Interessant finde ich auch, dass ich durch meine Auftritte in ganz Deutschland gemerkt habe, dass man im Ruhrgebiet immer sehr nett und offen aufgenommen und freundlich behandelt wird. Dahingegen wirken die Menschen in Düsseldorf oft hochnäsig und arrogant. Du wirst sofort abgecheckt, „Was für Schuhe?“, „Was für Klamotten?“ – kurz: du wirst augenblicklich bewertet. Und ich habe dort immer das „Ich bezahl ja für dich“-Gefühl. Irgendwie werde ich dort komisch behandelt und es steht sehr im Vordergrund, dass man mich bucht – wie einen Gegenstand. Klar werde ich im Ruhrgebiet auch gebucht, aber das lässt man da nicht so raushängen. Die Atmosphäre ist eher familiär, auch wenn man bezahlt wird. Ich bin gerne im Ruhrgebiet.

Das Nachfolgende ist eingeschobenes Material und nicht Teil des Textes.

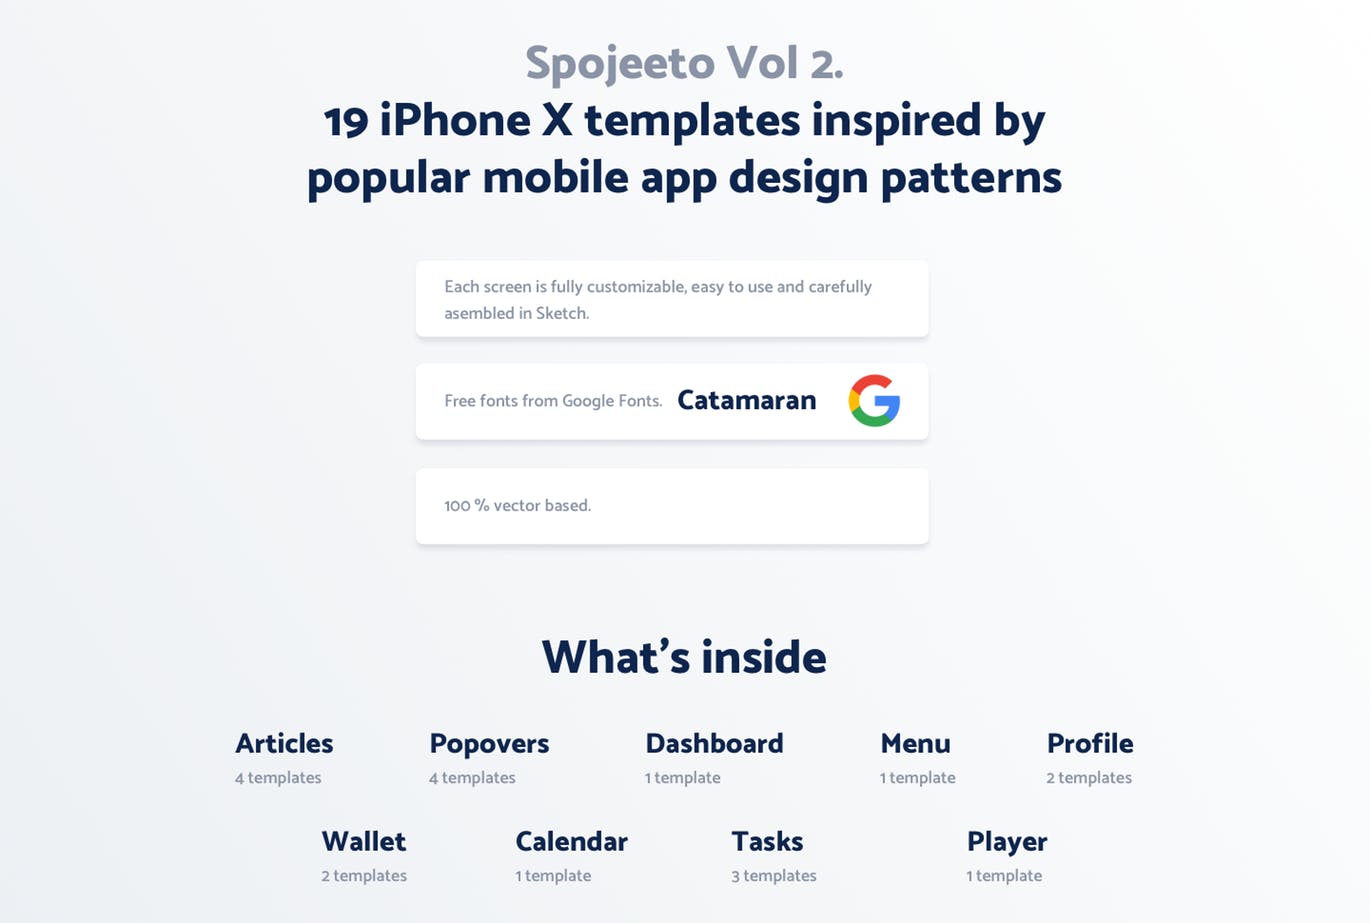 极简主义设计风格APP应用UI设计第一素材精选套件v2 Vol. 2 – Spojeeto Mobile App UI Kit插图(1)

Wenn das Leben ein Comic wäre, welche Figur wärst du dann und warum?
Ich würde am ehesten Aschenputtel sagen. Ich komme aus sehr einfachen Verhältnissen. Wir haben früher kein Auto gehabt und in Berlin in einem Hochhaus gelebt. Meine Mutter war alleinerziehend und berufstätig. Ich habe mich schon mit sieben um mein Essen selbst gekümmert, hatte keinerlei Regeln. „Mama, wann soll ich zu Hause sein?“ – „Wenn du es für richtig hältst.“ Das hat mich sehr geprägt und ich bin dankbar dafür, denn für mich ist nichts selbstverständlich. Ich kann mich genauso über eine grüne, saftige Wiese freuen wie über teure Geschenke. Und letzte Woche hatte ich einen Auftritt in einem Schloss, um dort in mein Barock-Kostüm und meine Rolle zu schlüpfen. Das habe ich sehr genossen. Das war ein Gefühl wie in einem Märchen zu sein. Von Aschenputtel zur Prinzessin für einen Tag.
Das Interview führten wir im Juni 2017.
Das Interview bietet einen Einblick in die Gedanken, Meinungen und Perspektiven der interviewten Person zu diesem bestimmten Zeitpunkt, reflektiert aber nicht zwangsläufig ihre gesamte Persönlichkeit oder ihre langfristigen Ansichten. Das Leben verändert sich stetig. Unsere Überzeugungen, Werte und Erfahrungen entwickeln sich im Laufe der Zeit weiter. Was heute wahr oder relevant ist, kann in der Zukunft anders aussehen. Dieses Interview ist als Momentaufnahme zu verstehen.